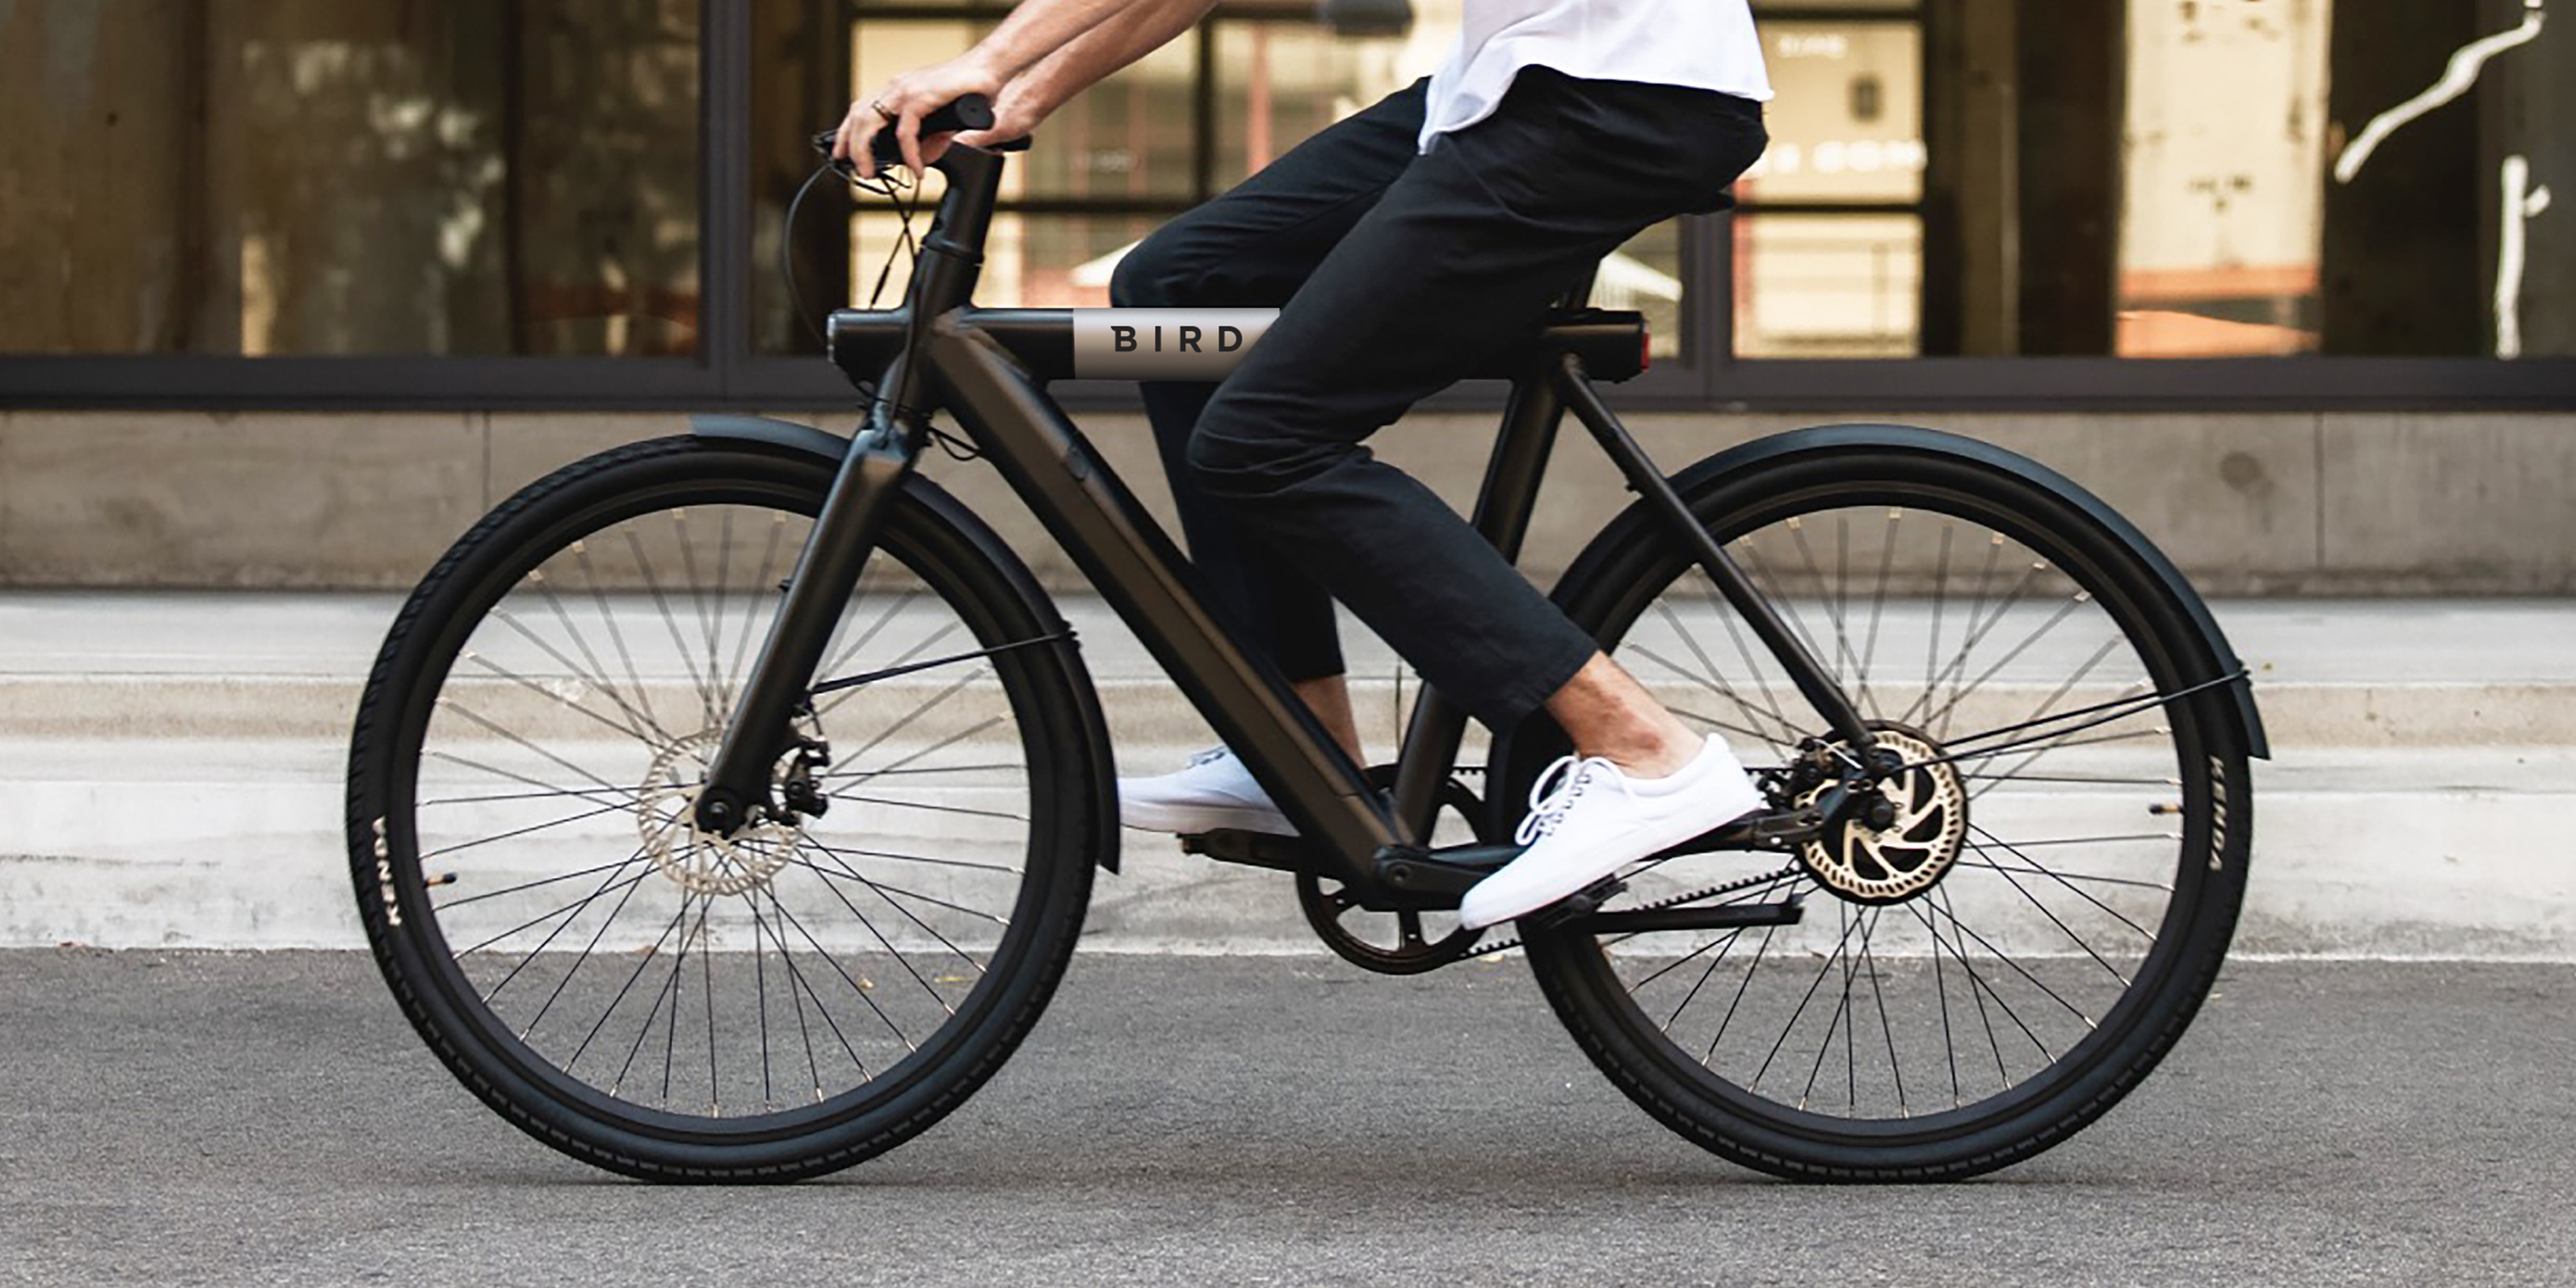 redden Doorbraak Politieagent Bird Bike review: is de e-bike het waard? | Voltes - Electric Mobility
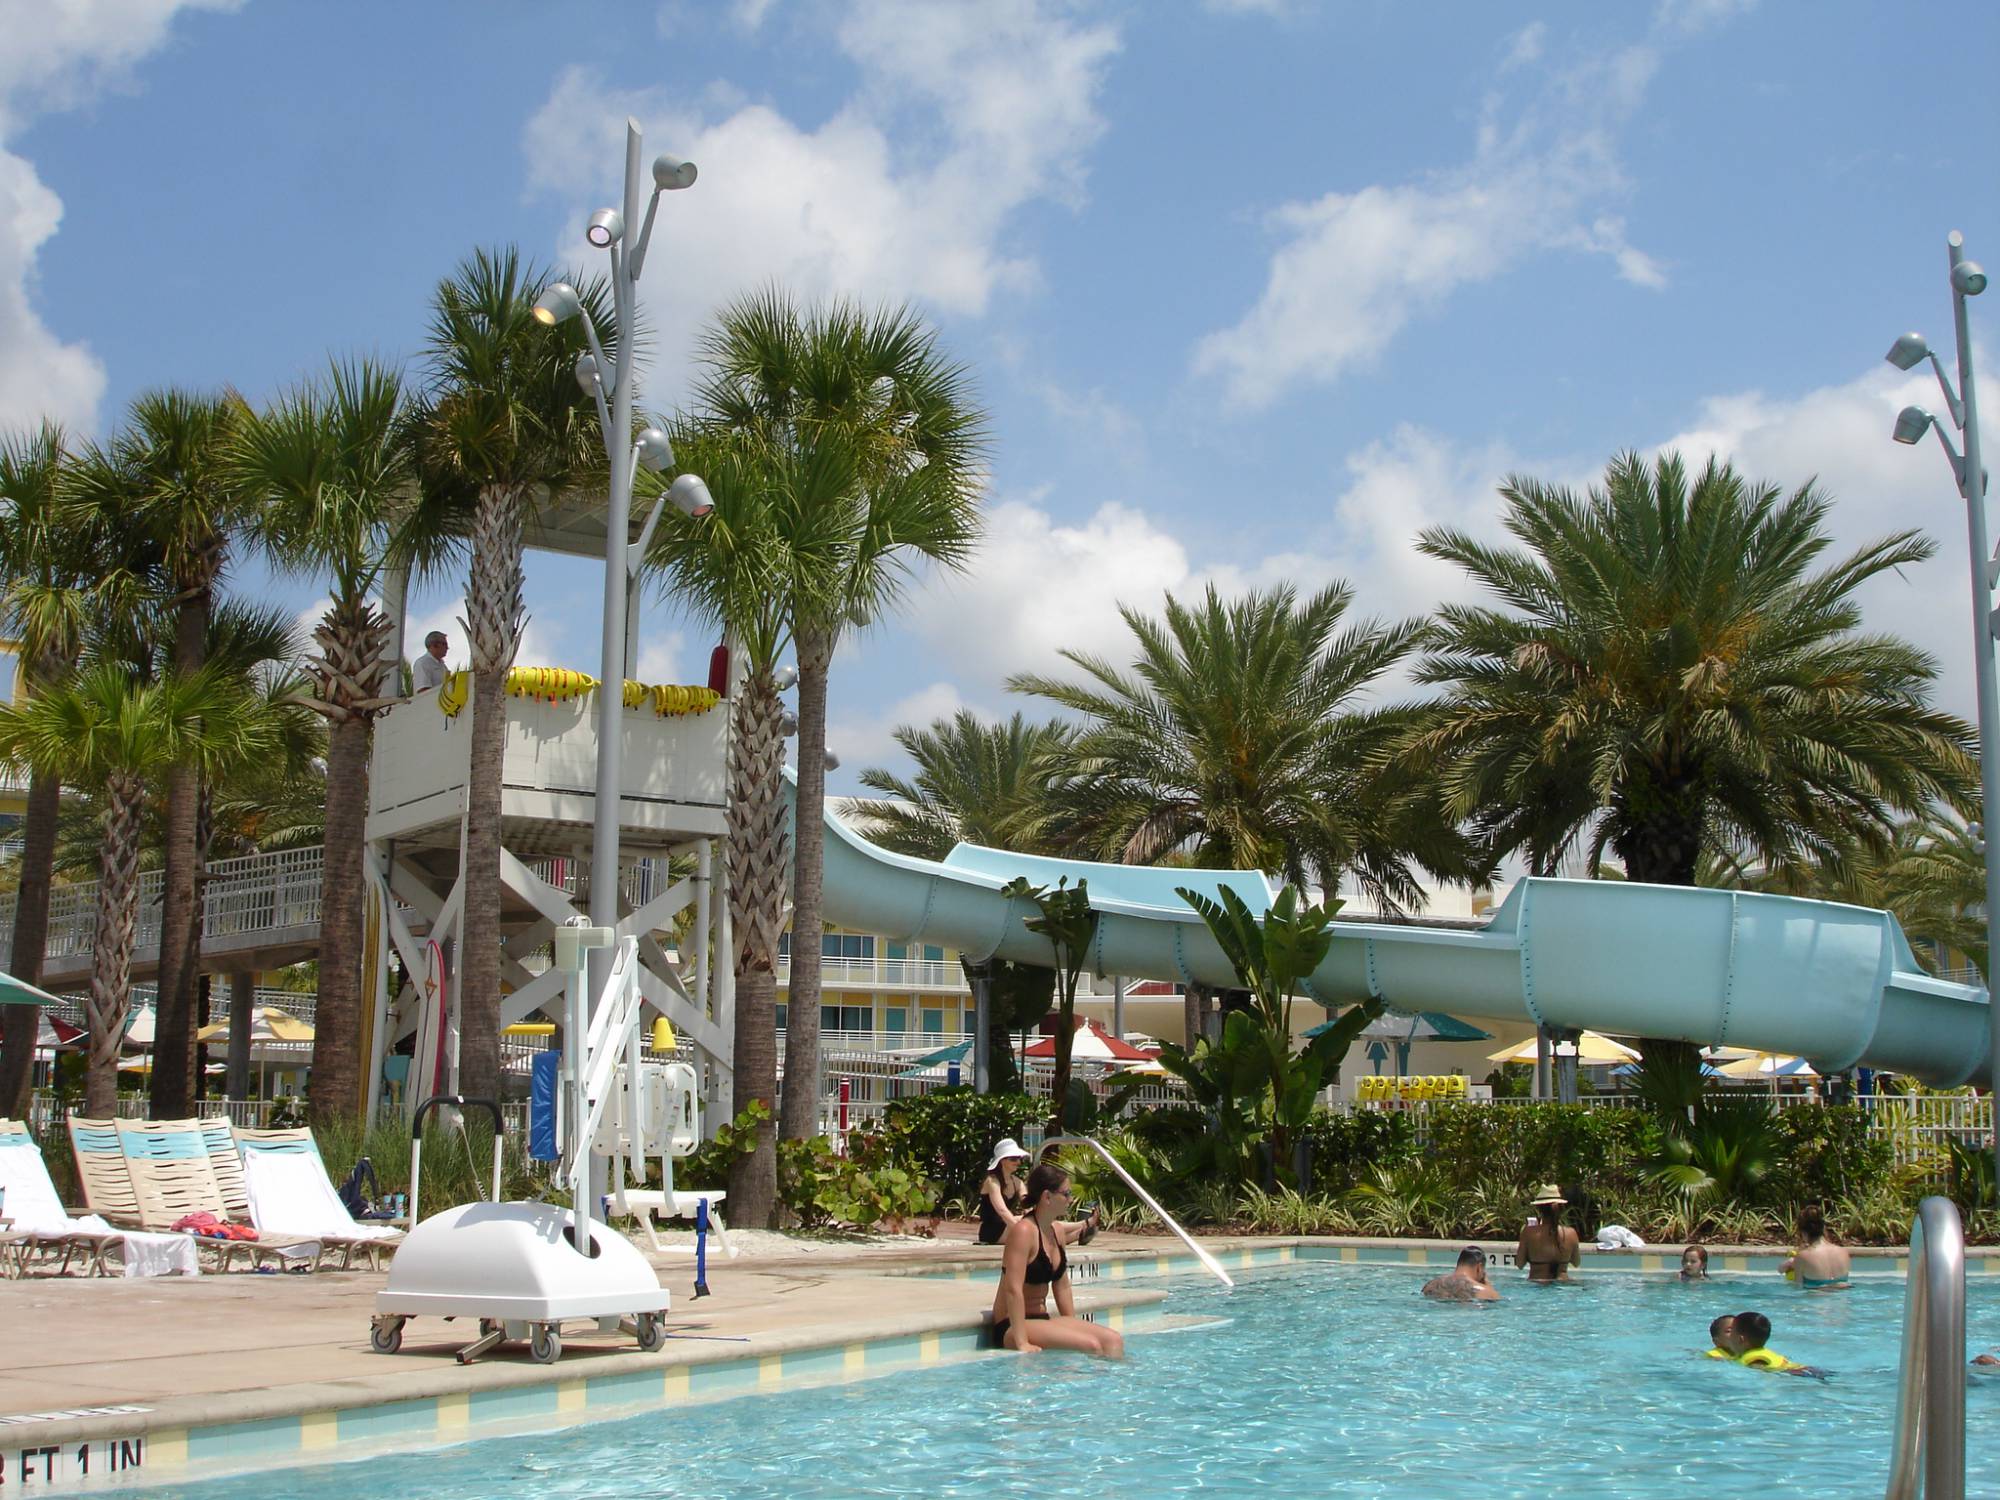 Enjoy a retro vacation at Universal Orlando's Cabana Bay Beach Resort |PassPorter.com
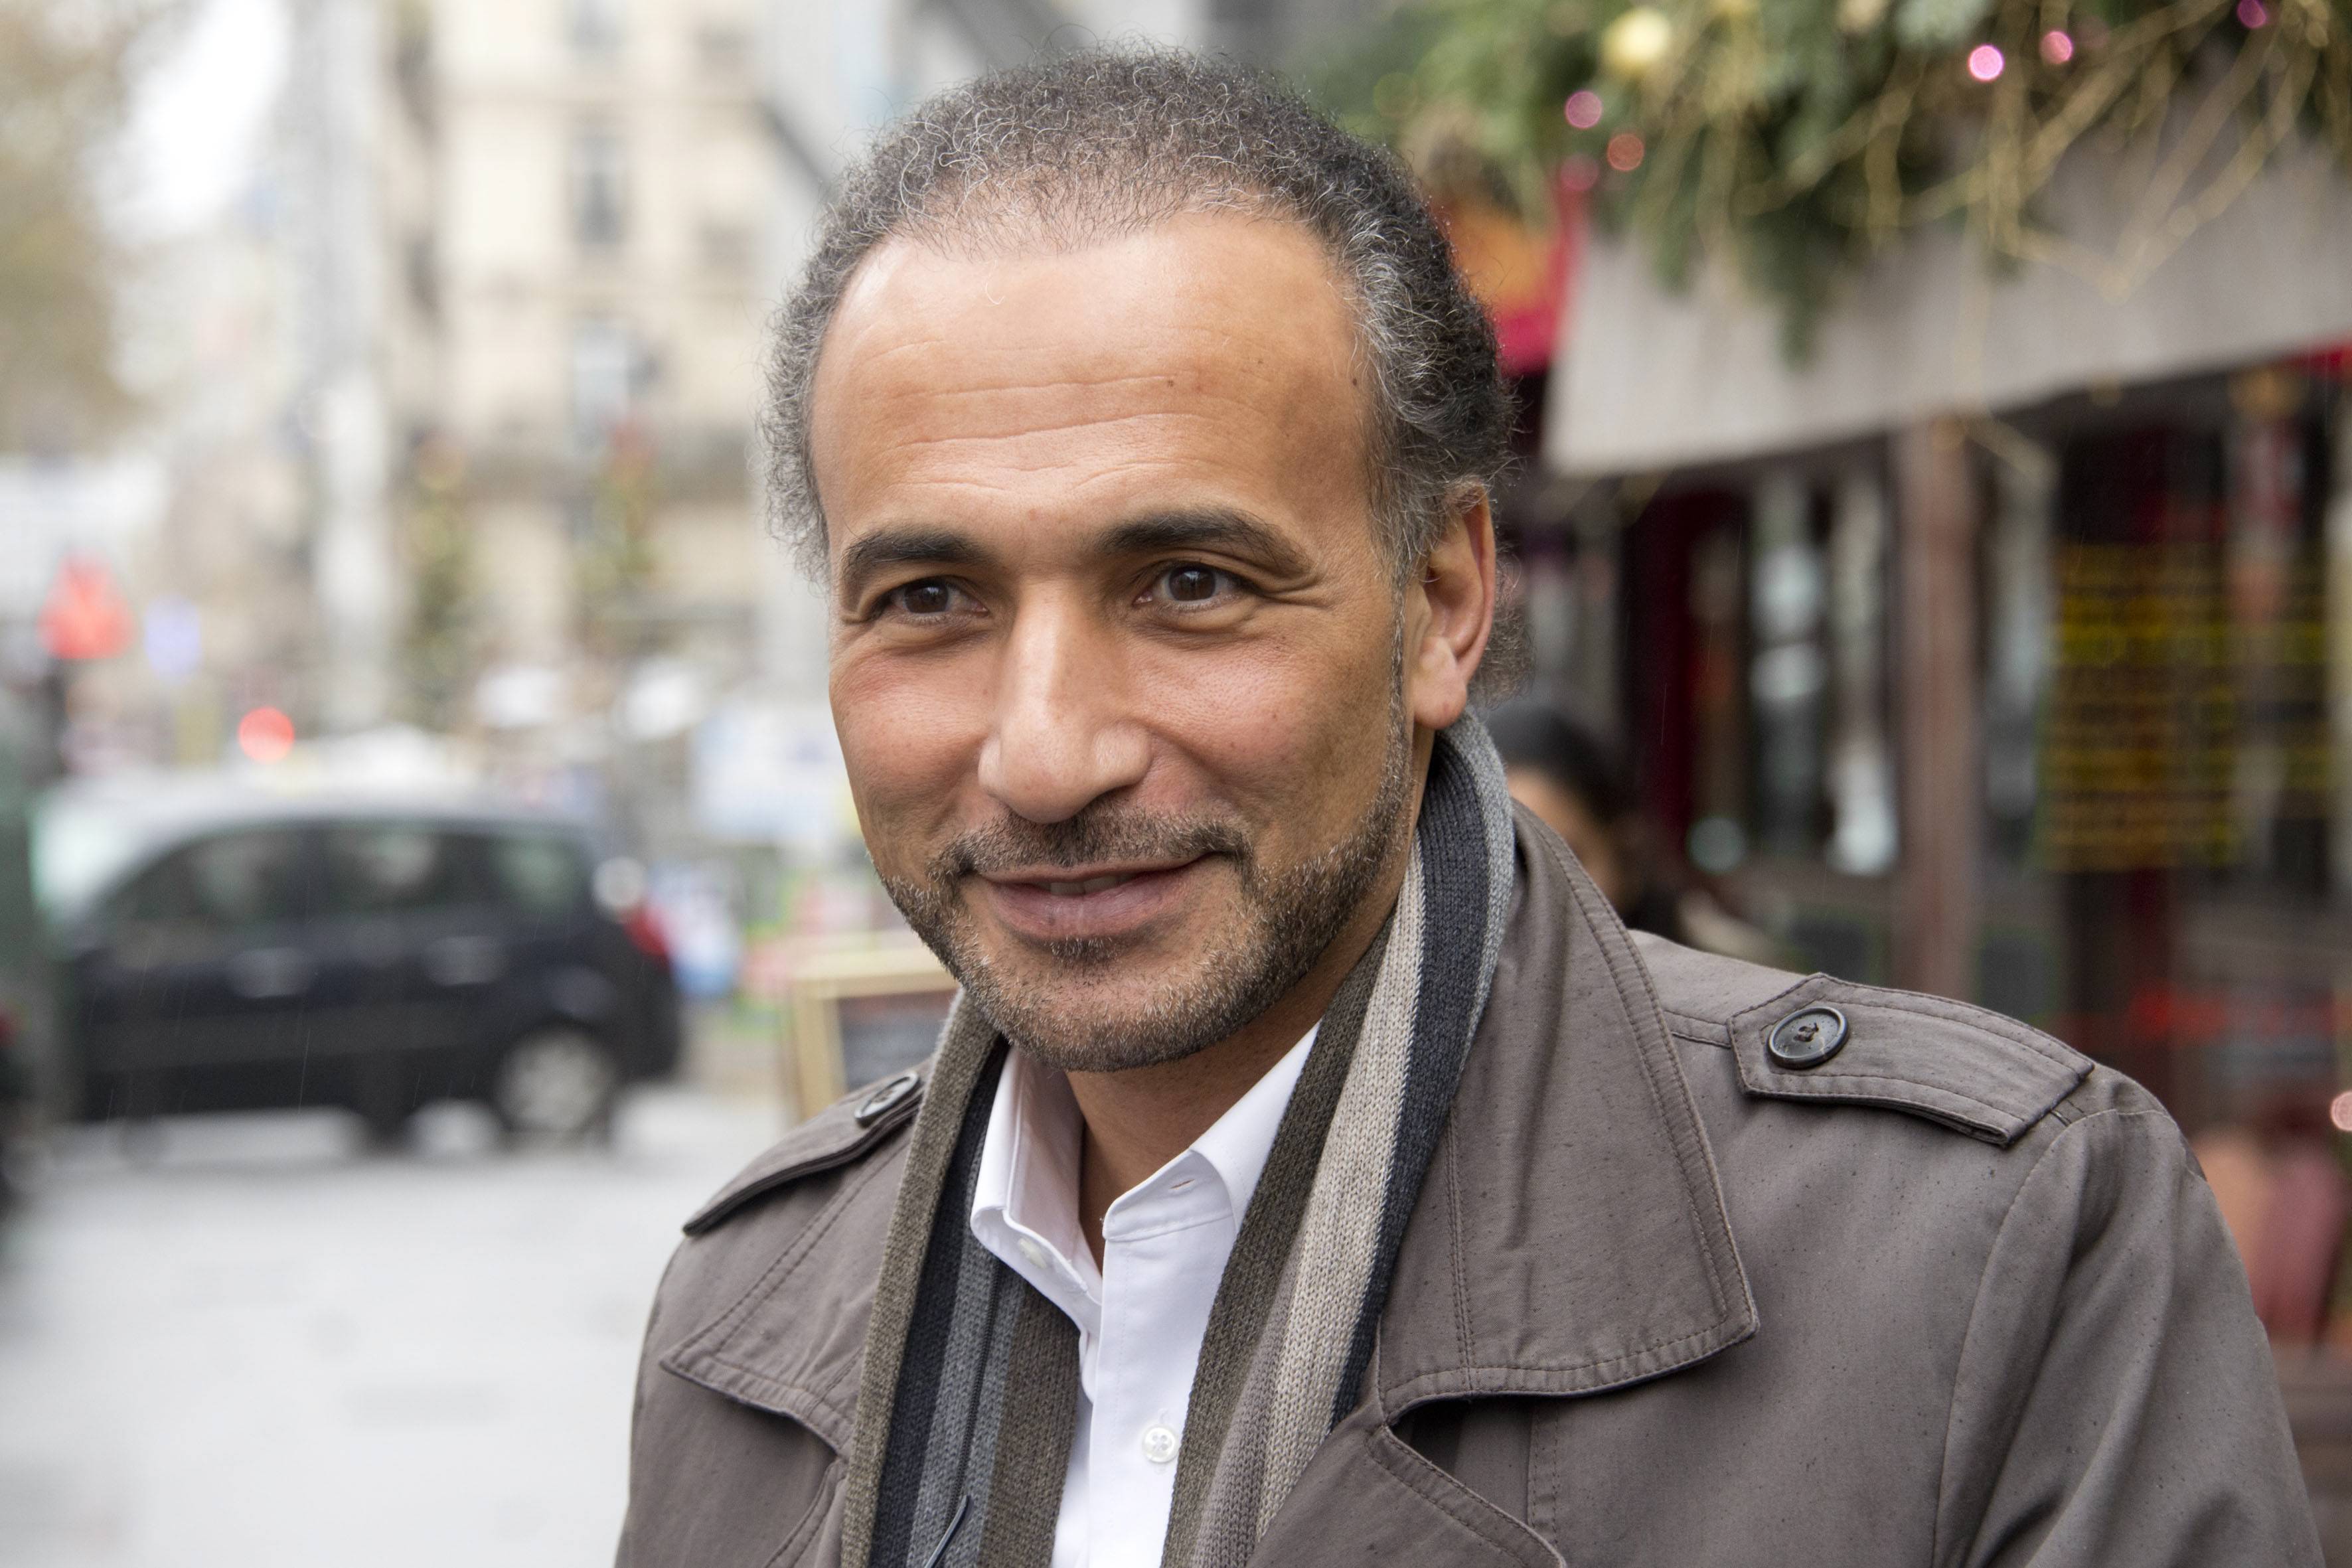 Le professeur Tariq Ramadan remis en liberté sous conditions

Exercise.
Reproduce the material in its entirety and word for word, without the pictures.

Written answer.
 redden Doorbraak Politieagent Bird Bike review: is de e-bike het waard? | Voltes - Electric Mobility
 Enjoy a retro vacation at Universal Orlando's Cabana Bay Beach Resort |PassPorter.com
 Le professeur Tariq Ramadan remis en liberté sous conditions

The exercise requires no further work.